═══ Supplied data

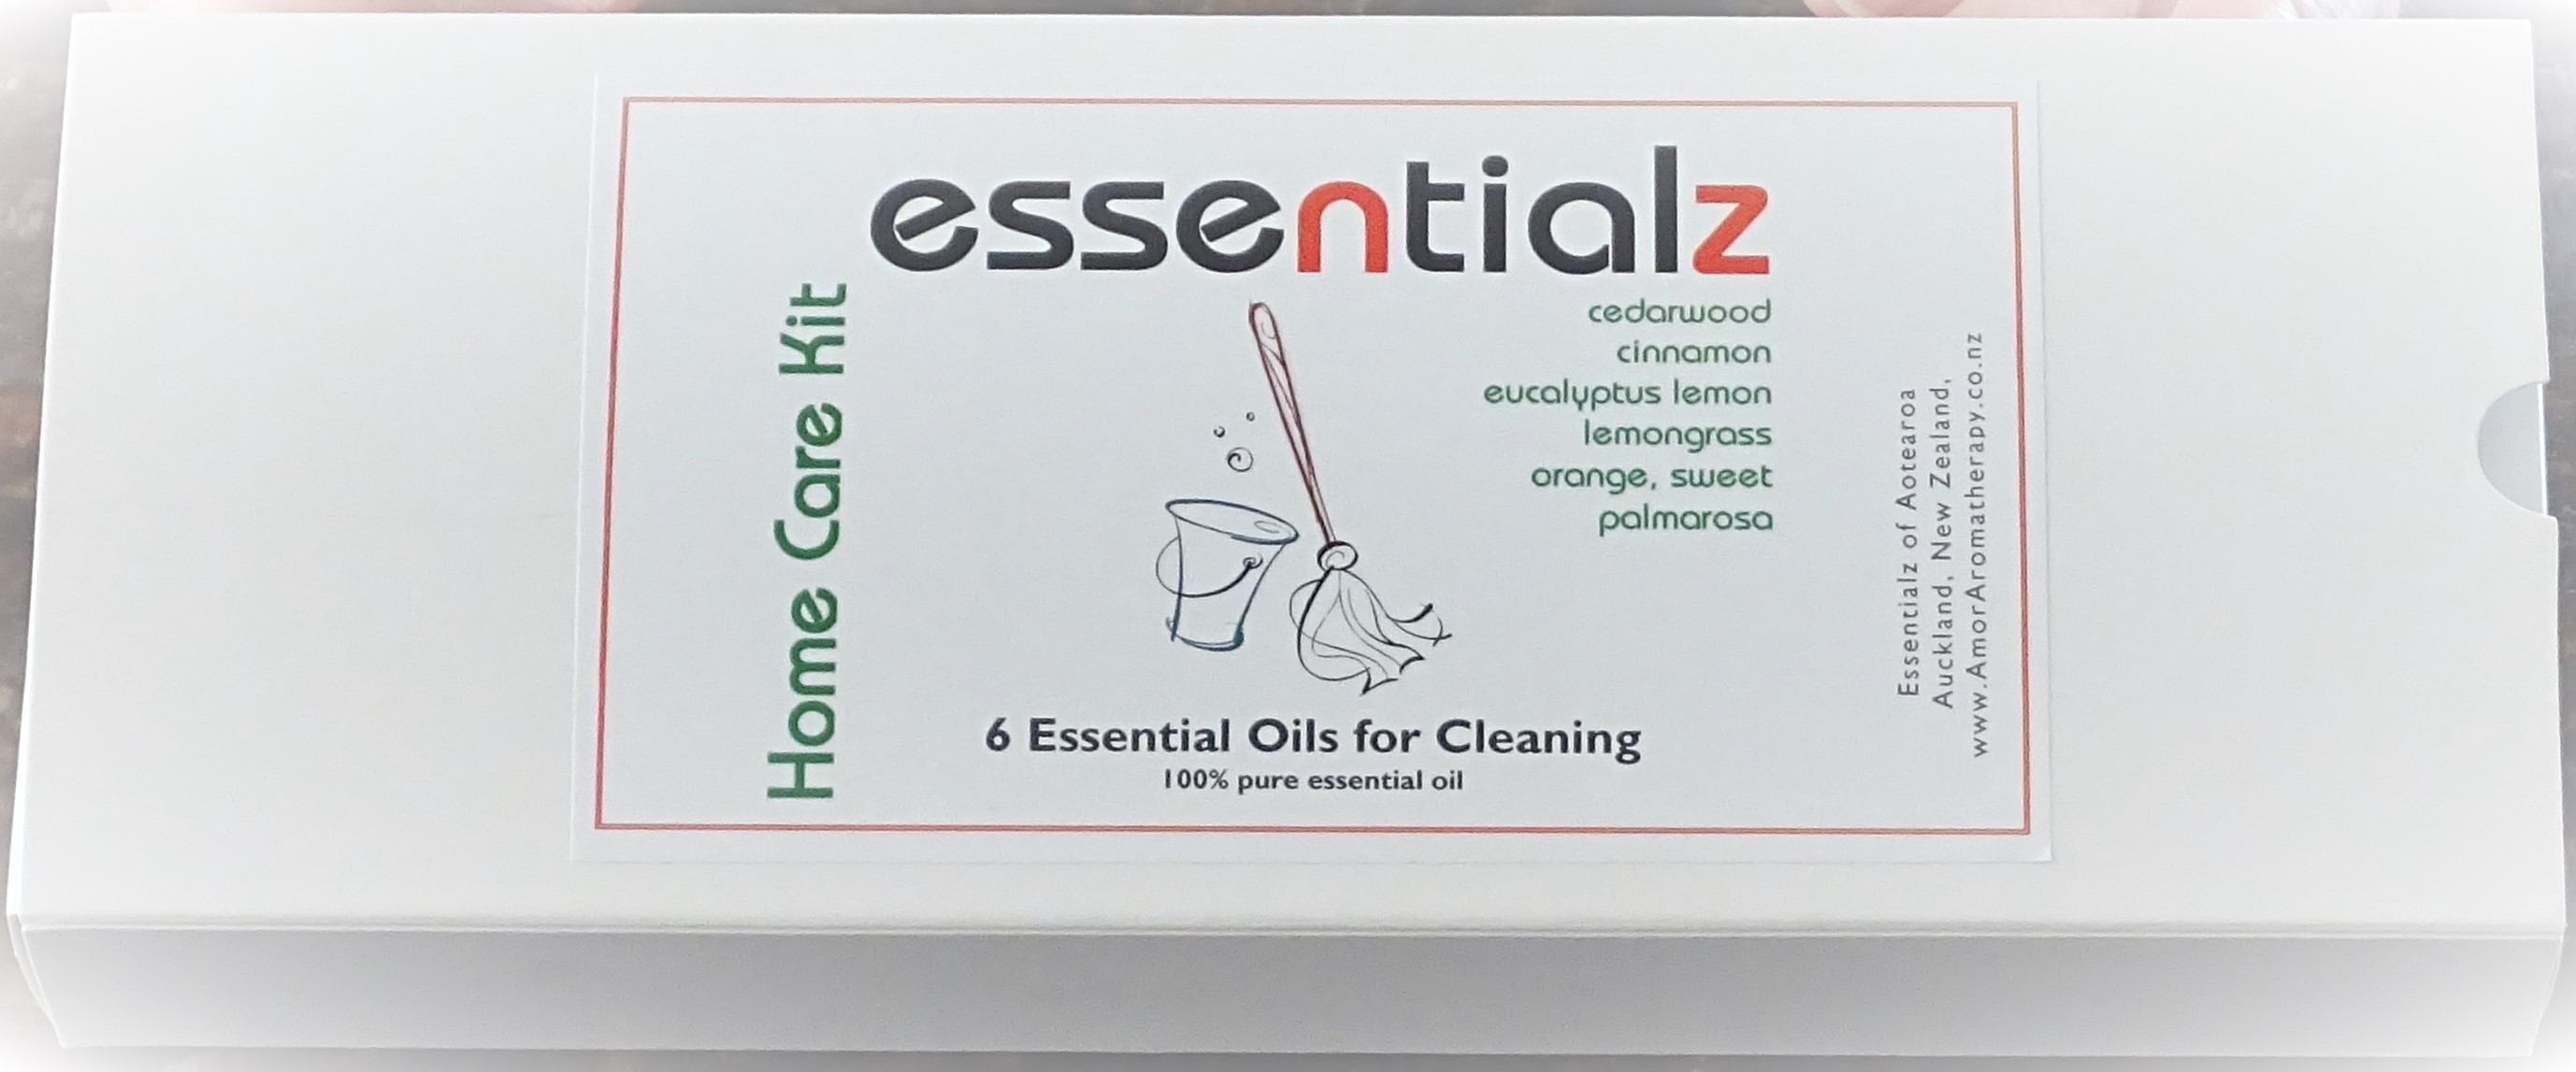 Essentialz Essential Oil Kits
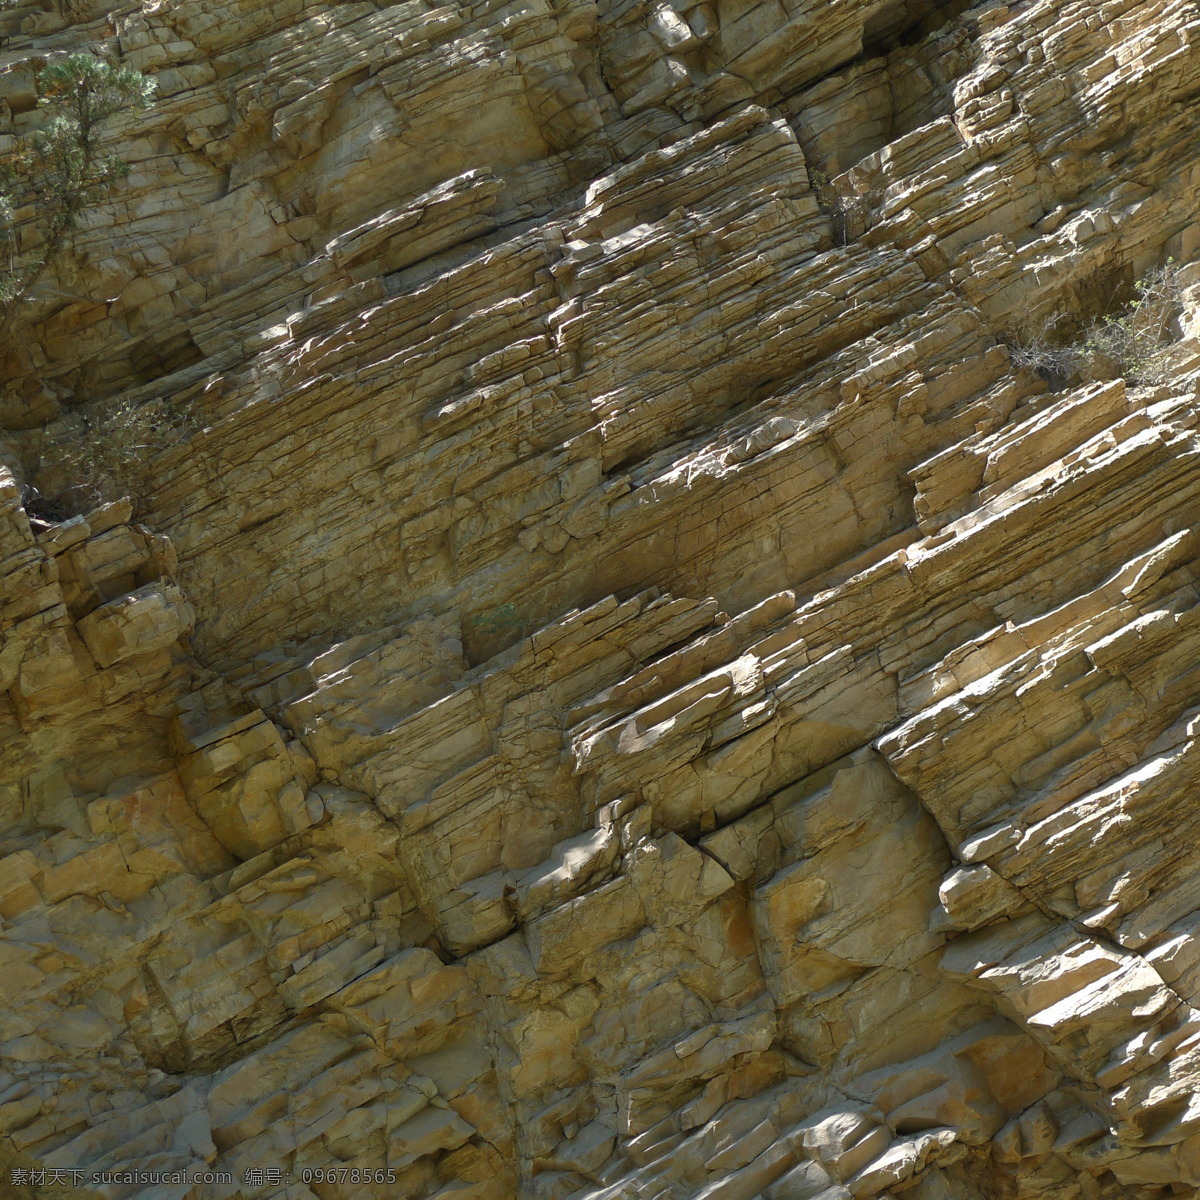 燕山岩石 岩石 石头 石板 山石 石 岩画 岩石壁 岩壁 石块 岩石素材 自然景观 山水风景
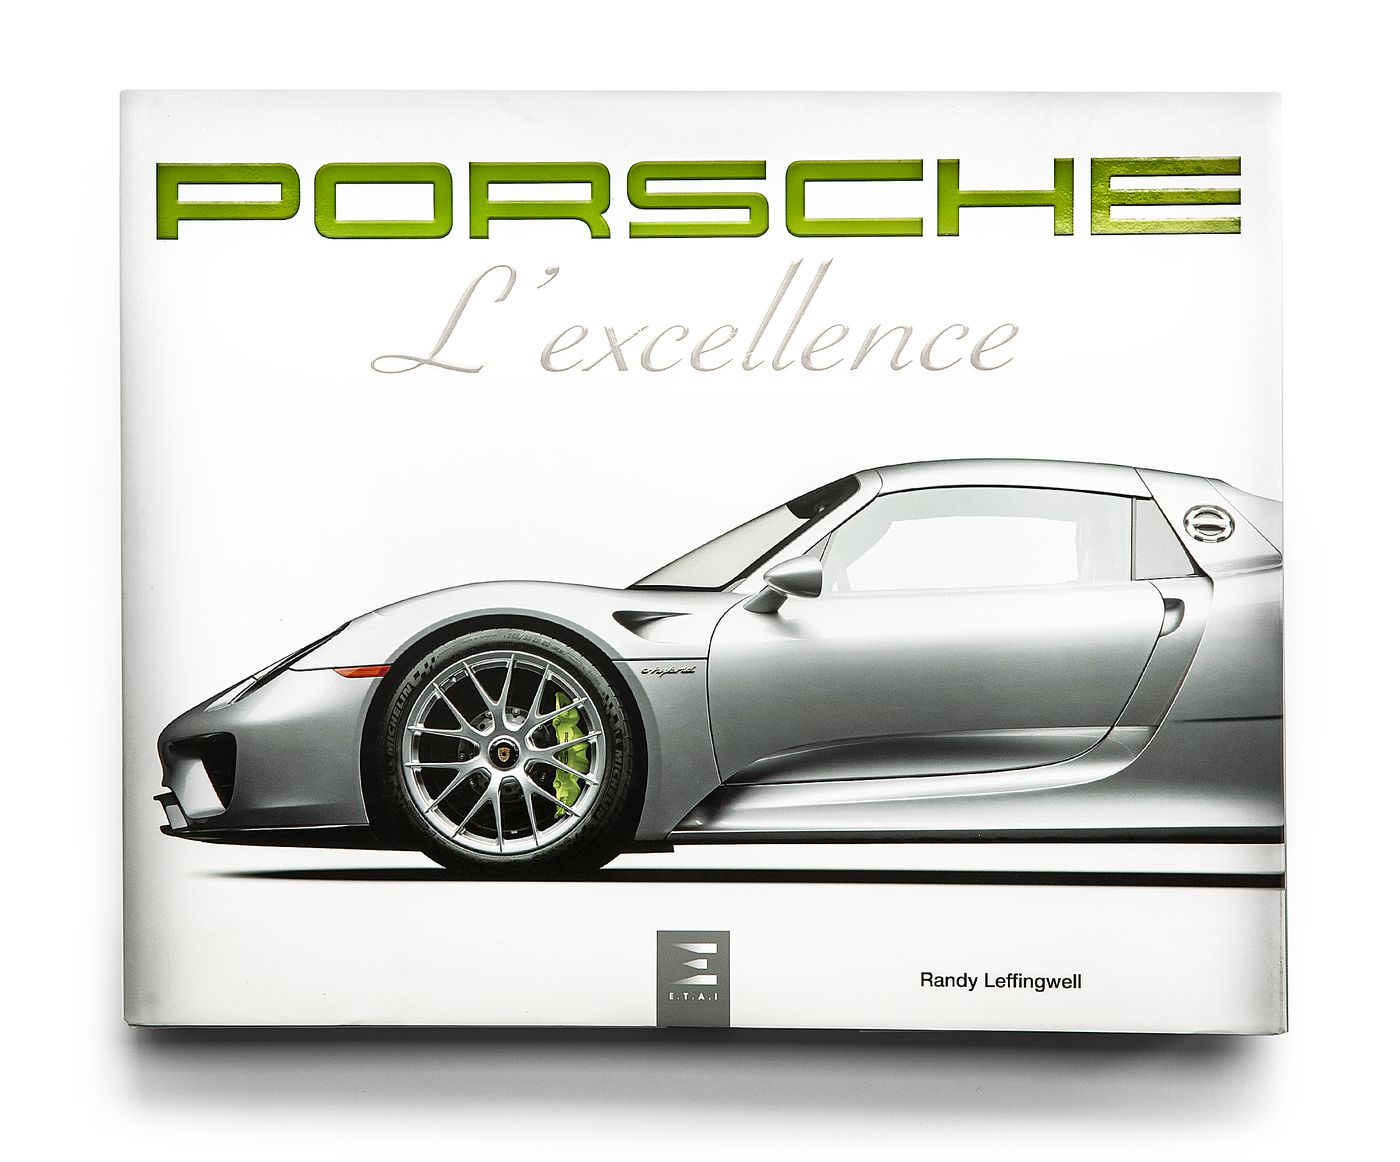 Porsche
Porsche
Porsche
Porsche
Porsche

══════

_Task item_
Return each record above as it stands. Pictures stay out.

_Result_
 Essentialz Essential Oil Kits
 燕山岩石 岩石 石头 石板 山石 石 岩画 岩石壁 岩壁 石块 岩石素材 自然景观 山水风景
 Porsche
Porsche
Porsche
Porsche
Porsche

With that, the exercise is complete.